Alternatively, if you prefer Python, you can use the Python shell:

./bin/pyspark

And run the following command, which should also return 1000:

>>> sc.parallelize(range(1000)).count()

Example Programs

Spark also comes with several sample programs in the examples directory. To run one of them, use ./bin/run-example <class> [params]. For example:

./bin/run-example SparkPi

will run the Pi example locally.

You can set the MASTER environment variable when running examples to submit examples to a cluster. This can be a mesos:// or spark:// URL, "yarn" to run on YARN, and "local" to run locally with one thread, or "local[N]" to run locally with N threads. You can also use an abbreviated class name if the class is in the examples package. For instance:

MASTER=spark://host:7077 ./bin/run-example SparkPi

Many of the example programs print usage help if no params are given.

Running Tests

Testing first requires building Spark. Once Spark is built, tests can be run using:

./dev/run-tests

Please see the guidance on how to run tests for a module, or individual tests.

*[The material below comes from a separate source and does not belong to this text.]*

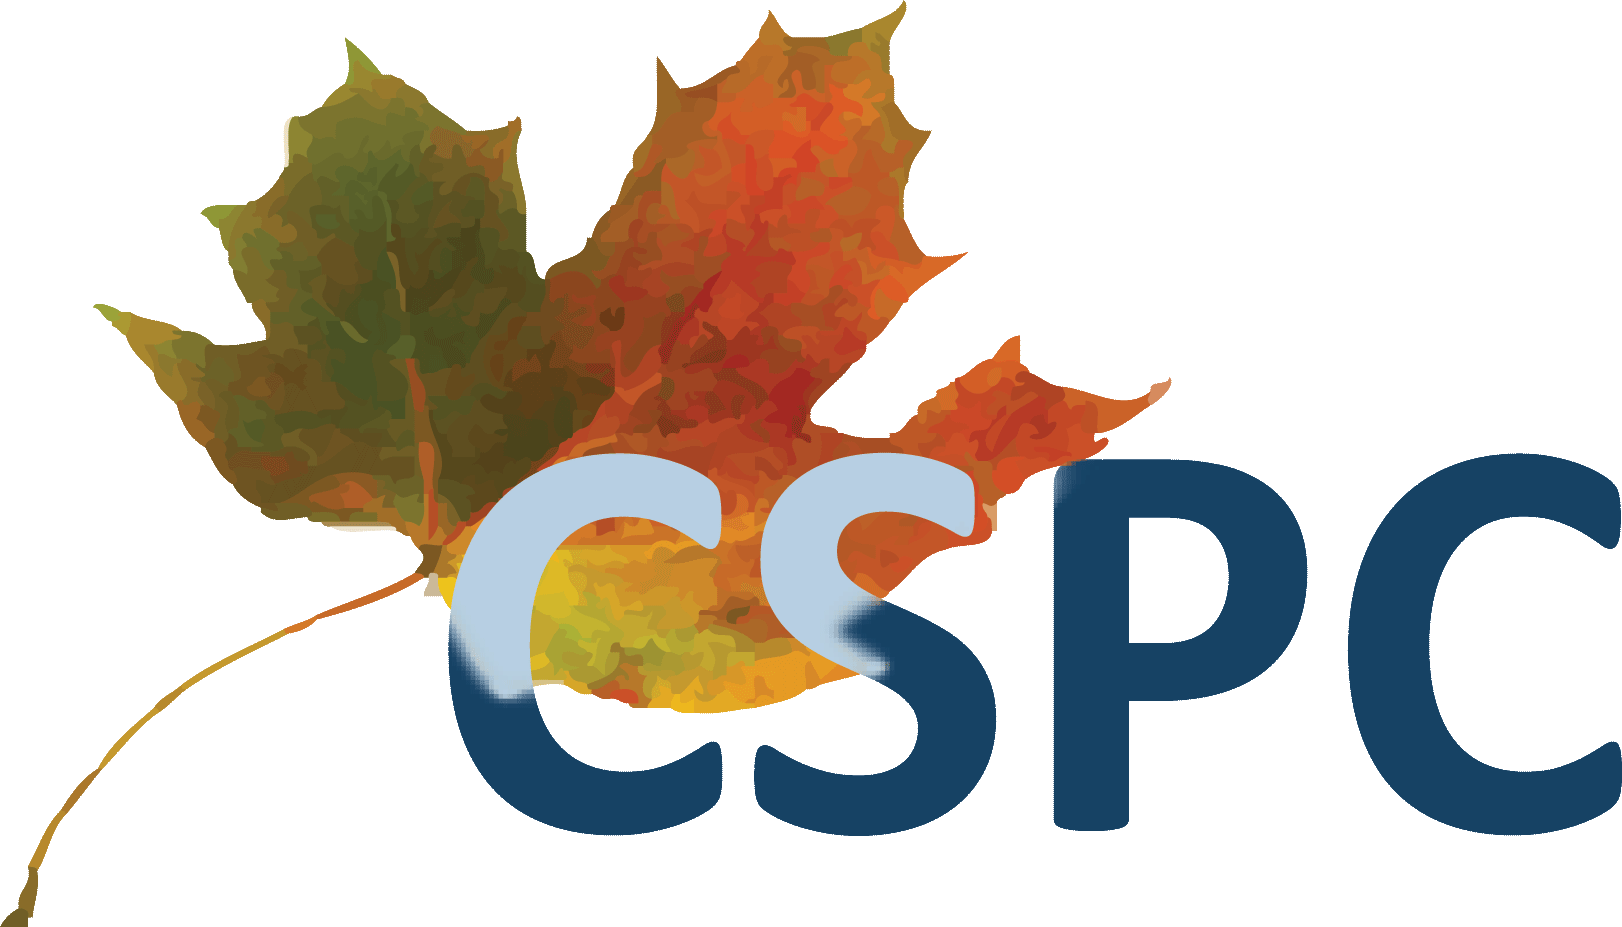 Canadian Science Policy Conference (CSPC 2016)

A Note About Hadoop Versions

Spark uses the Hadoop core library to talk to HDFS and other Hadoop-supported storage systems. Because the protocols have changed in different versions of Hadoop, you must build Spark against the same version that your cluster runs.

Please refer to the build documentation at "Specifying the Hadoop Version" for detailed guidance on building for a particular distribution of Hadoop, including building for particular Hive and Hive Thriftserver distributions.

Configuration

Please refer to the Configuration Guide in the online documentation for an overview on how to configure Spark.